The Mister
- Author: E. L. James
- Audio read by: Dominic Thorburn, Jessica O'Hara-Baker
- Language: English
- Genre: Romance
- Set in: London, Cornwall and Albania, 2019
- Published: 16 April 2019
- Publisher: Vintage Books
- Publication place: United Kingdom
- Media type: Print: paperback
- Pages: 624
- ISBN: 978-1984898326
- Dewey Decimal: 823.92
- Website: www.eljamesauthor.com/books/the-mister/

= The Mister =

2019 novel by E. L. James

The Mister is a 2019 romance novel by E. L. James.

==Plot==
English aristocrat Maxim Trevelyan inherits the Earldom of Trevethick following the sudden death of his elder brother, Kit. He develops feelings for his housekeeper, Alessia Demachi, an undocumented Albanian immigrant. After two strangers arrive at his London apartment searching for Alessia, Maxim takes her to his residence in Cornwall for her safety.
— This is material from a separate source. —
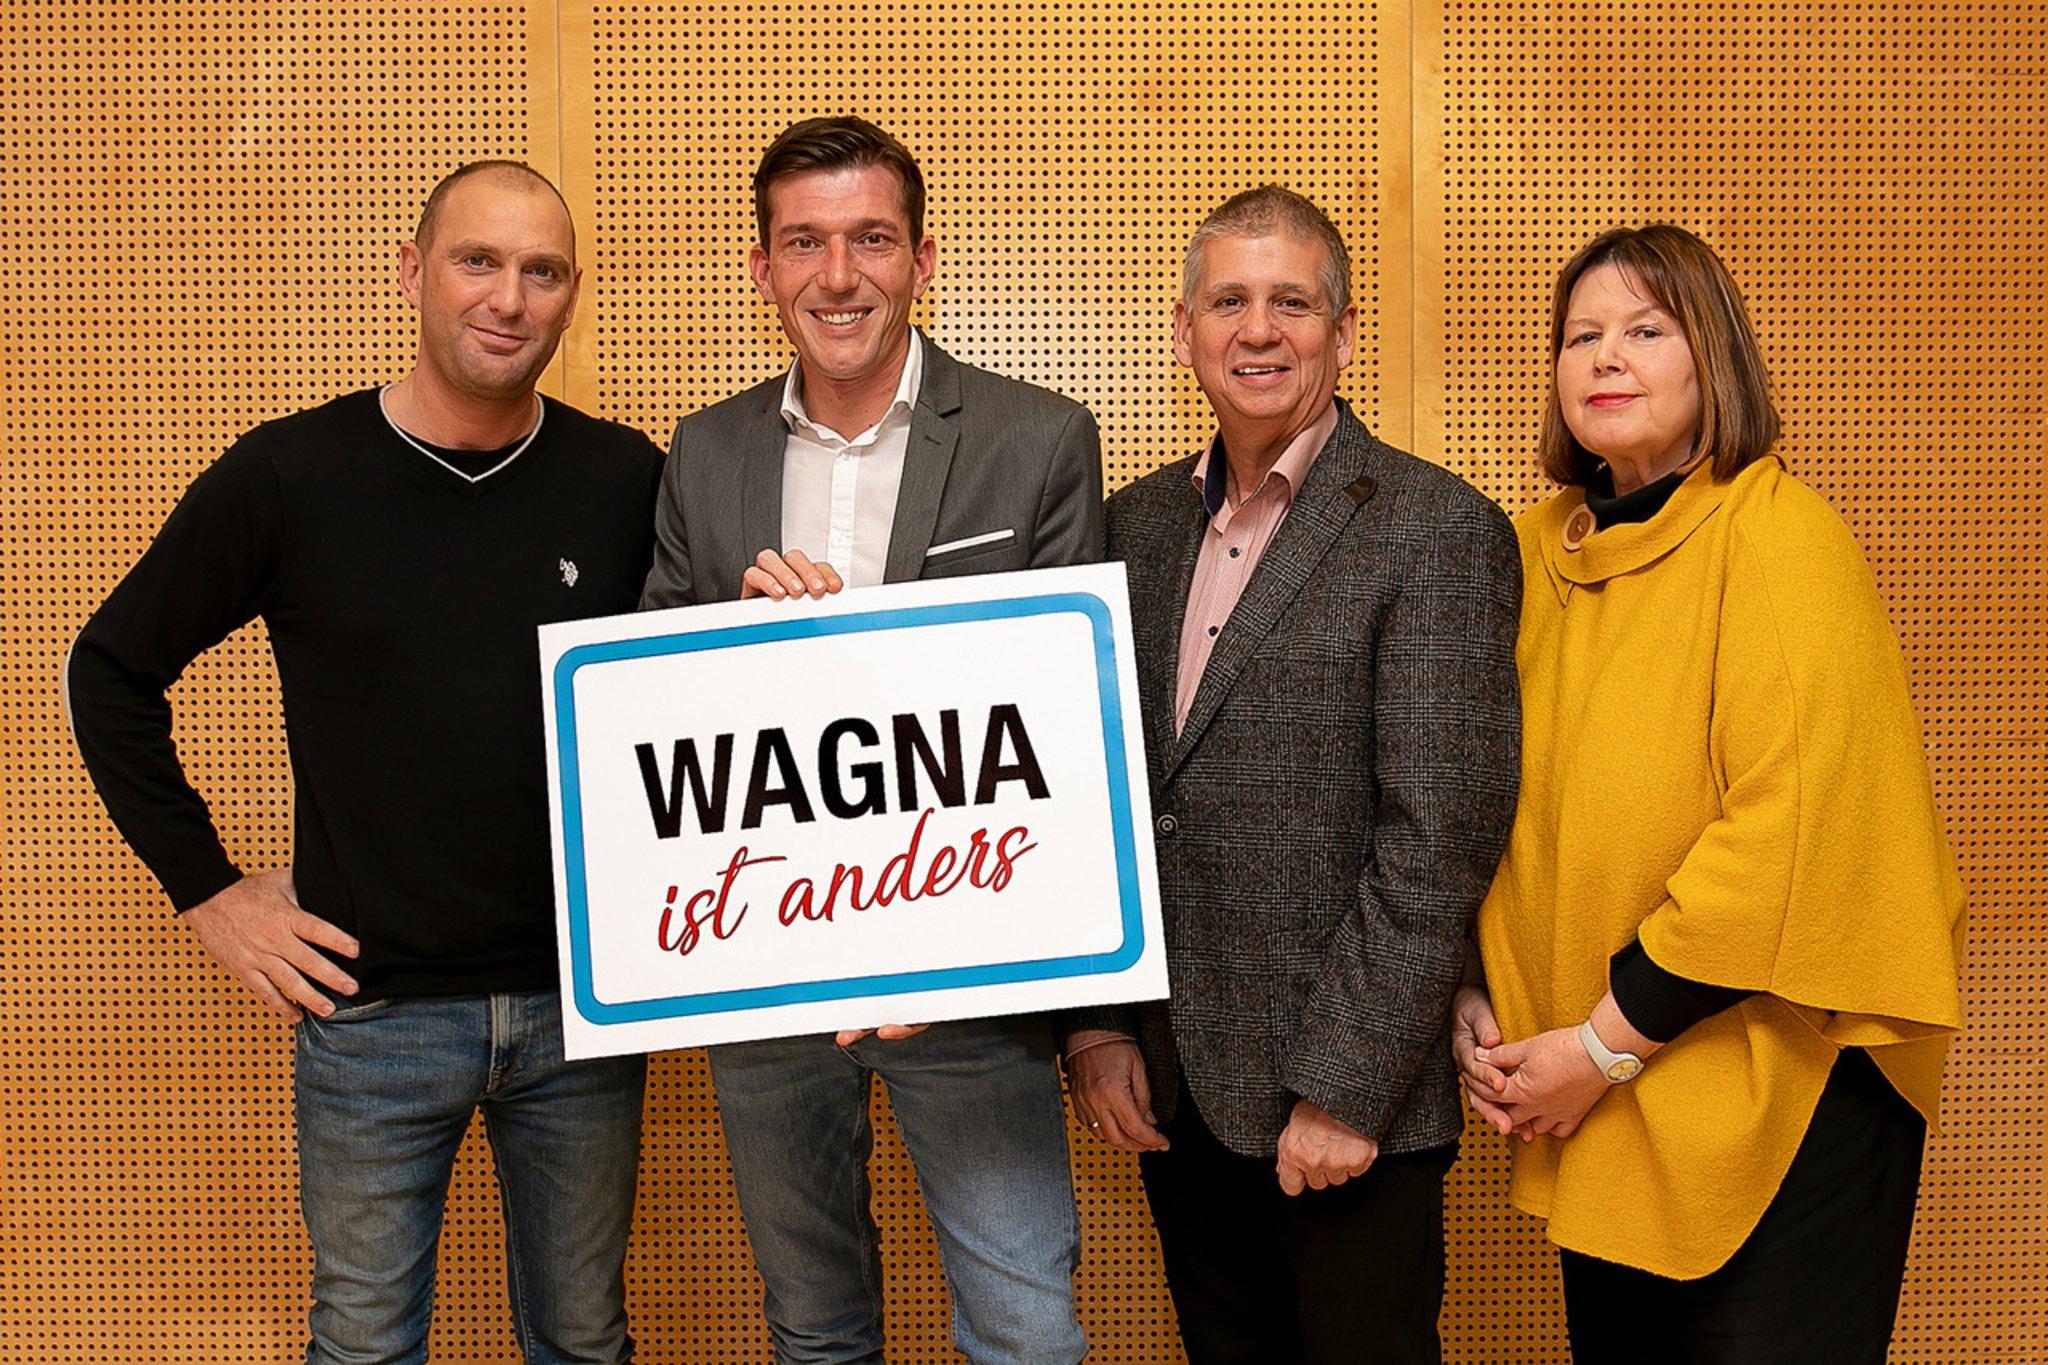 Wagna Kostenlos Partnersuche Landeck Persnliche

While there, Maxim begins a sexual relationship with Alessia but conceals his noble title. When Alessia discovers Maxim is an earl, she attempts to leave him but is unsuccessful; they later reconcile. Alessia reveals she is fleeing an abusive fiancé, who subsequently kidnaps her, prompting Maxim to travel to Albania to find her. Maxim eventually reaches Alessia's family home and asks for her hand in marriage. Alessia arrives shortly afterward, reveals the truth about her fiancé to her father, and she and Maxim marry.

==Reception==
The Guardian described the novel as "A coked-up lord bonks a trafficked Albanian immigrant as the Fifty Shades of Grey author swaps BDSM for dispiritingly creepy power games," adding that "there is a complete dearth of emotional maturity that is genuinely unsettling." Jezebel wrote that "the narrative is so committed to sexualizing Alessia's vulnerability and powerlessness that the result is offensive." The Atlantic called it "hopelessly retrograde and dismally unentertaining." In a positive review, Booklist stated that "the book's belief in the infinitely transformative power of love will hit the sweet spot for readers looking to be swept away."

== Film adaptation ==
On 25 February 2020 Variety announced that Universal Pictures would produce a film adaptation of The Mister.